Gülen Arslan Lied1,3,4*
  • 1Section of Gastroenterology, Department of Medicine, Haukeland University Hospital, Bergen, Norway
  • 2Department of Medicine, National Centre for Ultrasound in Gastroenterology, Haukeland University Hospital, Bergen, Norway
  • 3National Centre for Functional Gastrointestinal Disorders, Haukeland University Hospital, Bergen, Norway
  • 4Department of Clinical Medicine, Centre for Nutrition, University of Bergen, Bergen, Norway

Background: Fermentable oligosaccharides, disaccharides, monosaccharides and polyols (FODMAP) as well as glucagon-like peptide-1 (GLP-1) have independently been implicated in irritable bowel syndrome (IBS) pathophysiology. However, there is a lack of studies that assess how low FODMAP diet affects circulating GLP-1 levels in IBS patients.

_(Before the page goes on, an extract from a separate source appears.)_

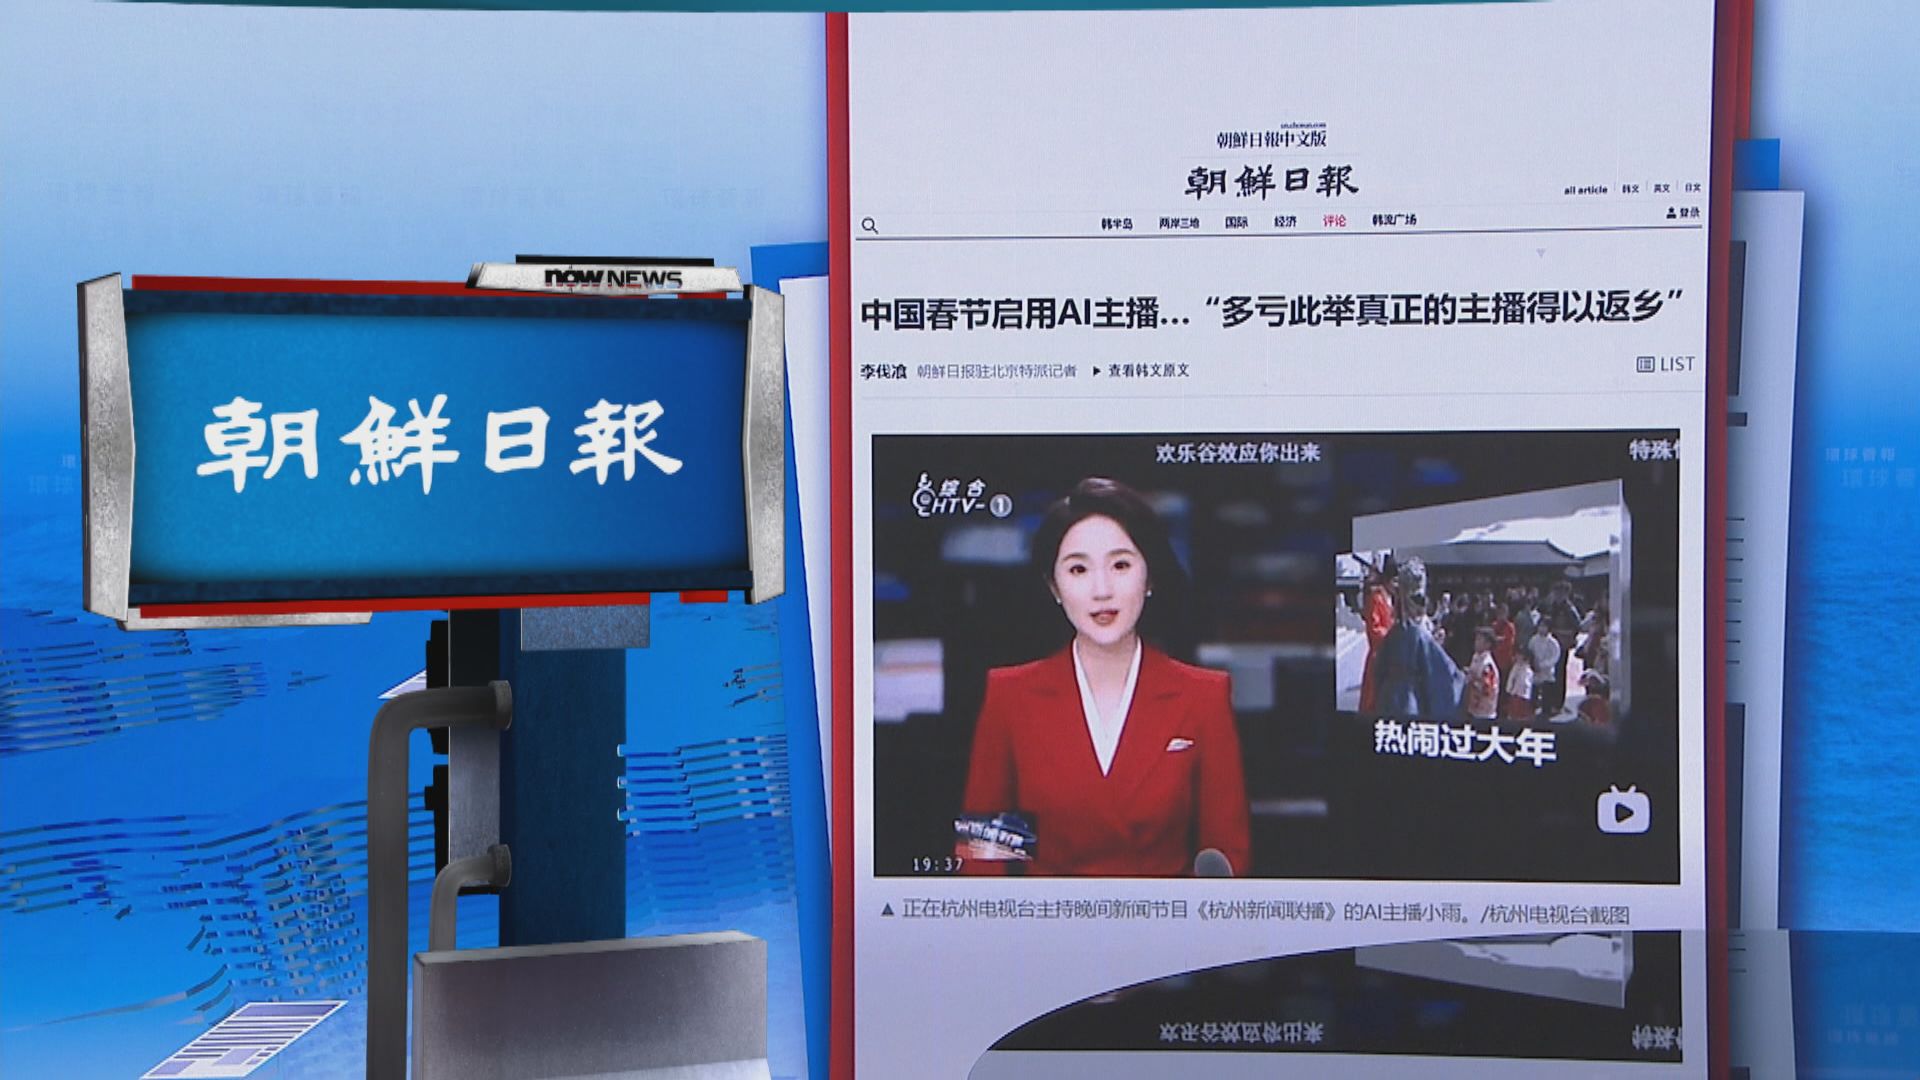 【環球薈報】杭州電視台春節推出AI主播 獨攬大旗主持新聞節目

Methods: Thirty patients with either diarrhea or mixed type IBS were recruited and undertook low FODMAP diet for 12 weeks. Plasma GLP-1 levels, IBS Severity Scoring System (IBS-SSS), body weight and FODMAP intake were assessed before and after the 12-week dietary intervention.

Key results: Following a low FODMAP diet, average IBS-SSS and body weight were reduced (p < 0.01) and plasma GLP-1 level was increased (p = 0.027).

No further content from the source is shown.